I should get a job at the Apple "Genius" bar.
My 80 gig Ipod was having seizures months and months ago and since it would have cost, you know, money to get it fixed, I put it away.
It's been riding around in my purse for months, vying for my attention with unwrapped pieces of Juicy Fruit and clean but tattered tissues. (The kind that, when your friend needs a Kleenex and you produce one from your purse, she will look at you skeptically and surreptitiously examine it for old boogers before daring to touch it to her oh so delicate proboscis.)
Never throw away those unwrapped pieces of gum. I live in a fantasy world where one day some horrible event will take place right in front of me and Richard Dean Anderson will appear and begin to frantically search his pockets for the one thing that will save the day. Juicy Fruit gum. (It will have to be Juicy Fruit do to some chemical reaction that would occur if Double Mint was used. That's why the bitch standing next to me waving her pack of Double Mint under his nose gets TOTALLY IGNORED.) One day I will prevent another 9/11, Murrah Federal Building, Texas chain saw massacre with a stick of Juicy Fruit and Richard Dean Anderson. This is the reason that I change my underwear everyday.

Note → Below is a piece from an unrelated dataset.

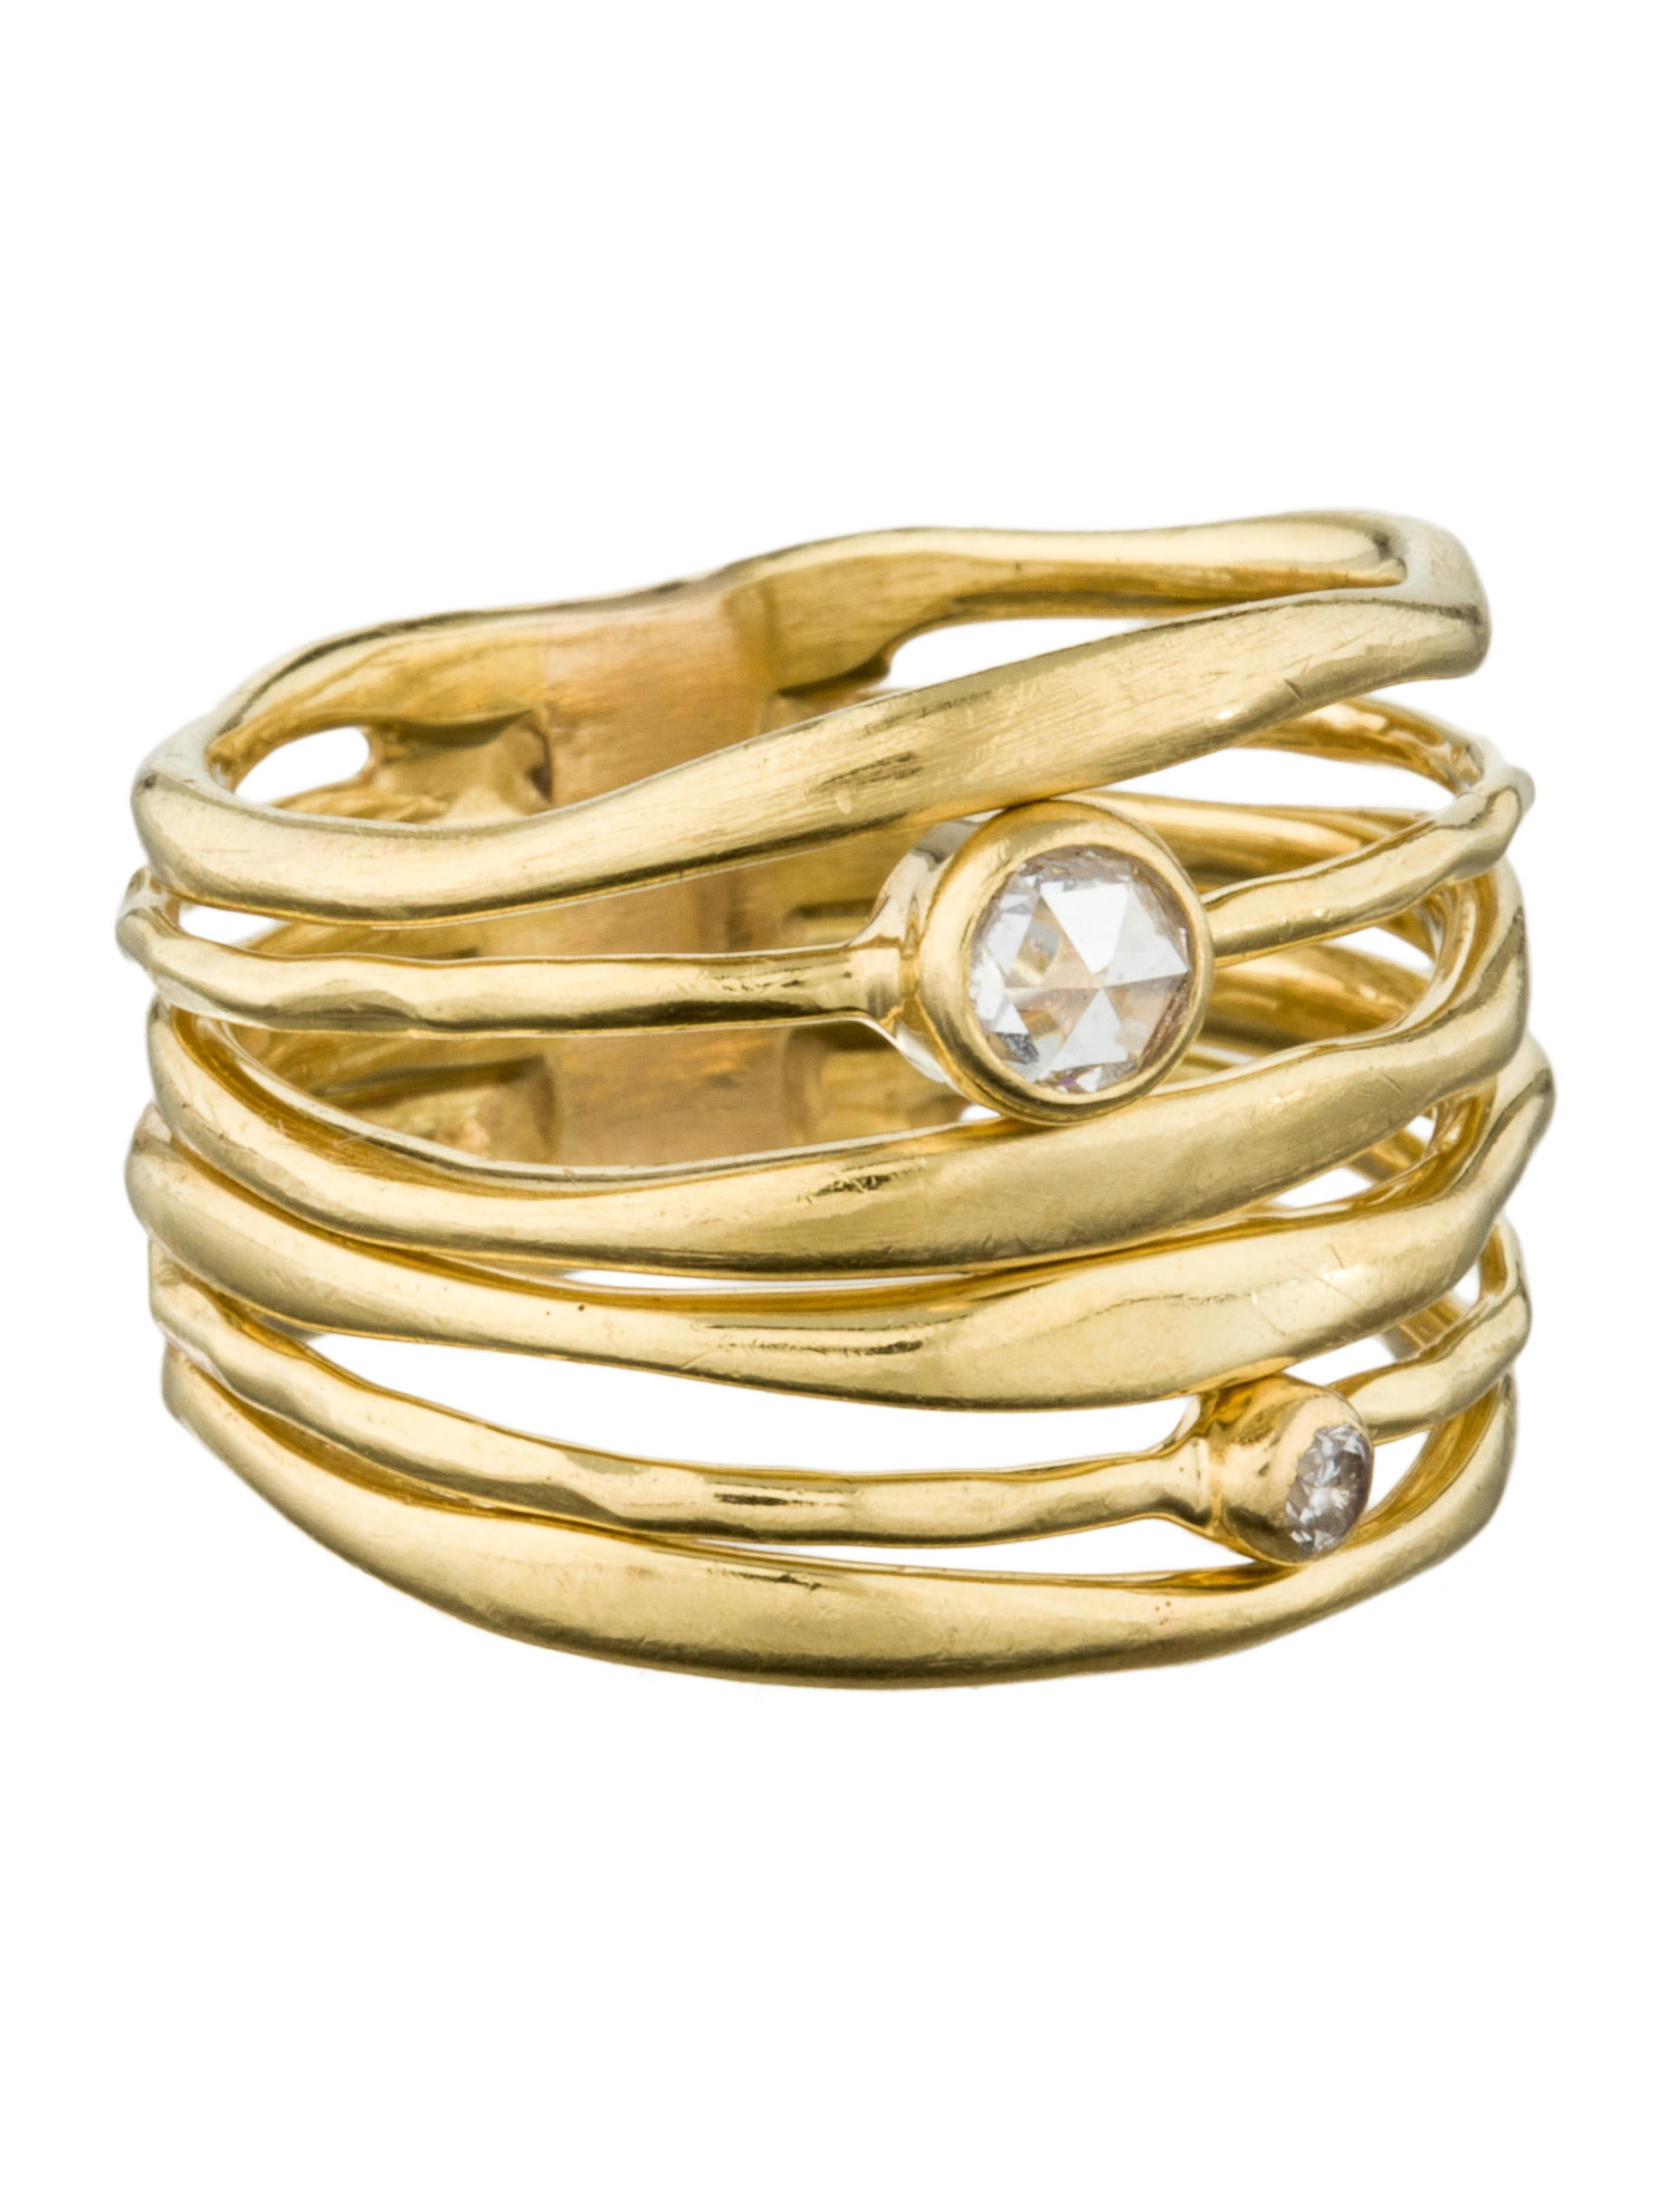 Ippolita Movie Star Stacked Ring  Rings  Ipp22723  The. Big Stone Rings. Million Dollar Wedding Rings. Mehendi Rings. Lore Rings. Promise Ring Engagement Rings. Winter Inspired Engagement Engagement Rings. 4 Man Wedding Rings. Coprolite Rings

It can be really draining to live in my world.
Side note: How do sticks of gum become undressed in a purse? Is there some sort of faction of ultra liberal sticks of gum that feel they need to go "natural" before they die?
Yes...yes...I was going somewhere with all this before I saw that deer and hit that tree...my Ipod! I pulled it out last night, charged it up, and was able to actually put things on it AS GOD INTENDED.
The computer didn't suddenly vomit, I Tunes didn't suddenly freeze, and that whole issue with the green smoke emanating from the headphone jack? Gone!
I don't think I'm a mere Genius...I think I'm a soooooooooper Genius.
This is where I realize I'm holding the lit stick of TNT, right?